# Action item
From the line with "Contemporary Oil Desert" to the last line of the data below, repeat every line exactly and add nothing.

# Given material
━━━━━━

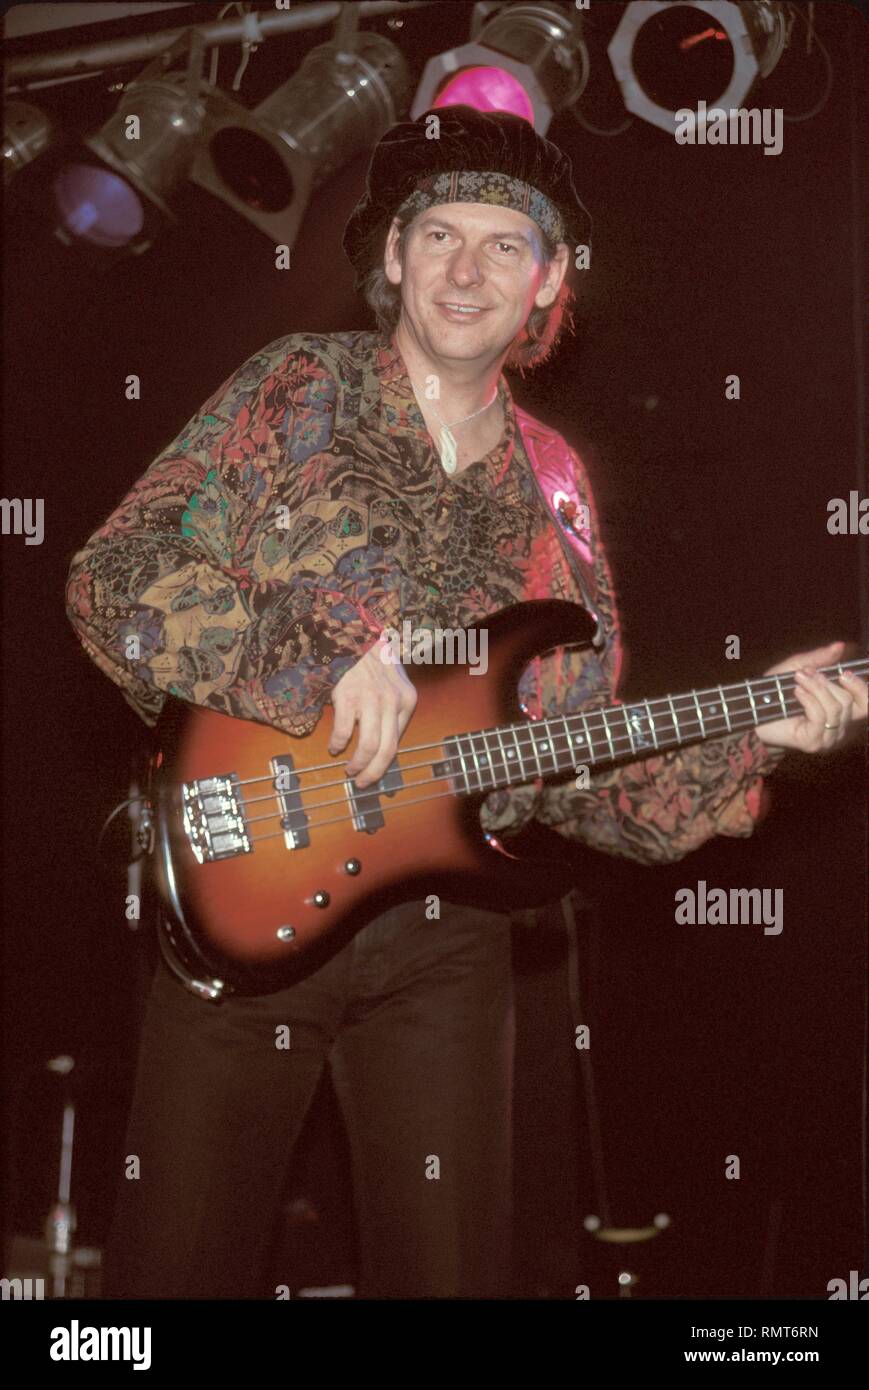 Arc Angels bassist Tommy Shannon is shown having fun on stage during a  concert performance Stock Photo - Alamy
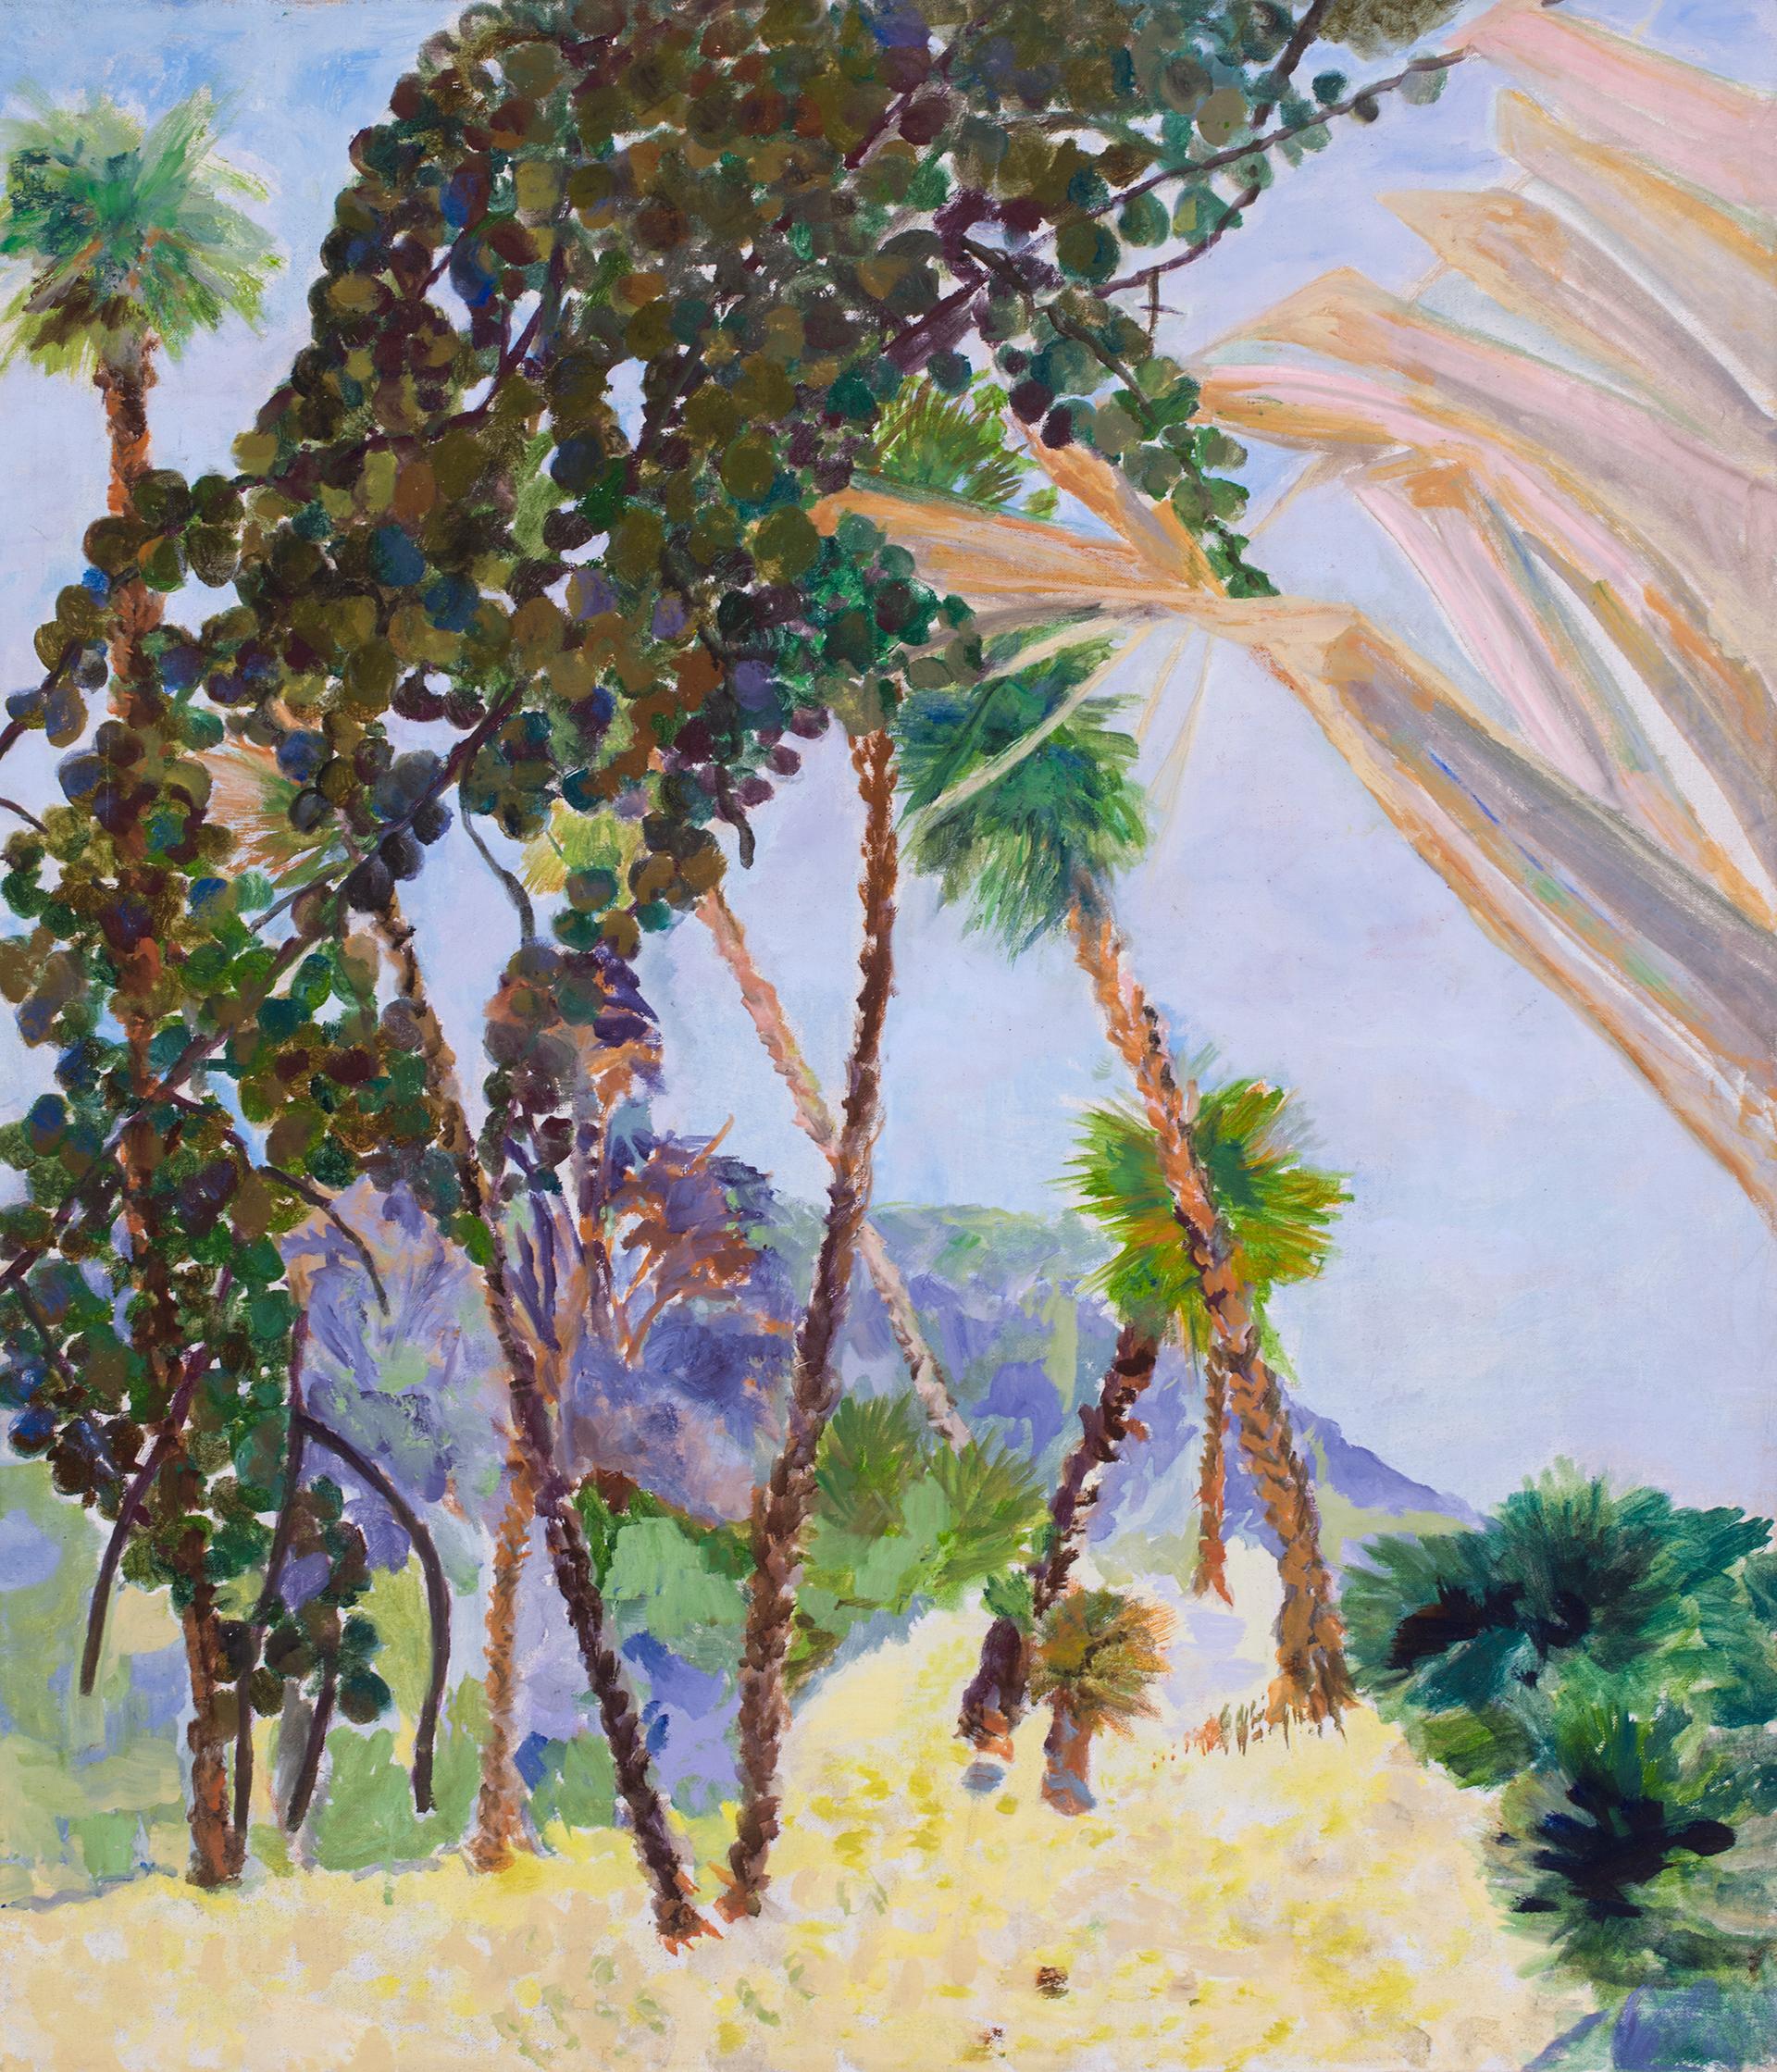 
Contemporary Oil Desert Blue Palm Fruit and Violet Hills - Landscape Painting
This painting painted on site at the Wirikuta Garden in San José del Cabo in Mexico focused on the strong olive and deep purple colored fruits that fall in huge

━━━━━━

# Expected answer
Contemporary Oil Desert Blue Palm Fruit and Violet Hills - Landscape Painting
This painting painted on site at the Wirikuta Garden in San José del Cabo in Mexico focused on the strong olive and deep purple colored fruits that fall in huge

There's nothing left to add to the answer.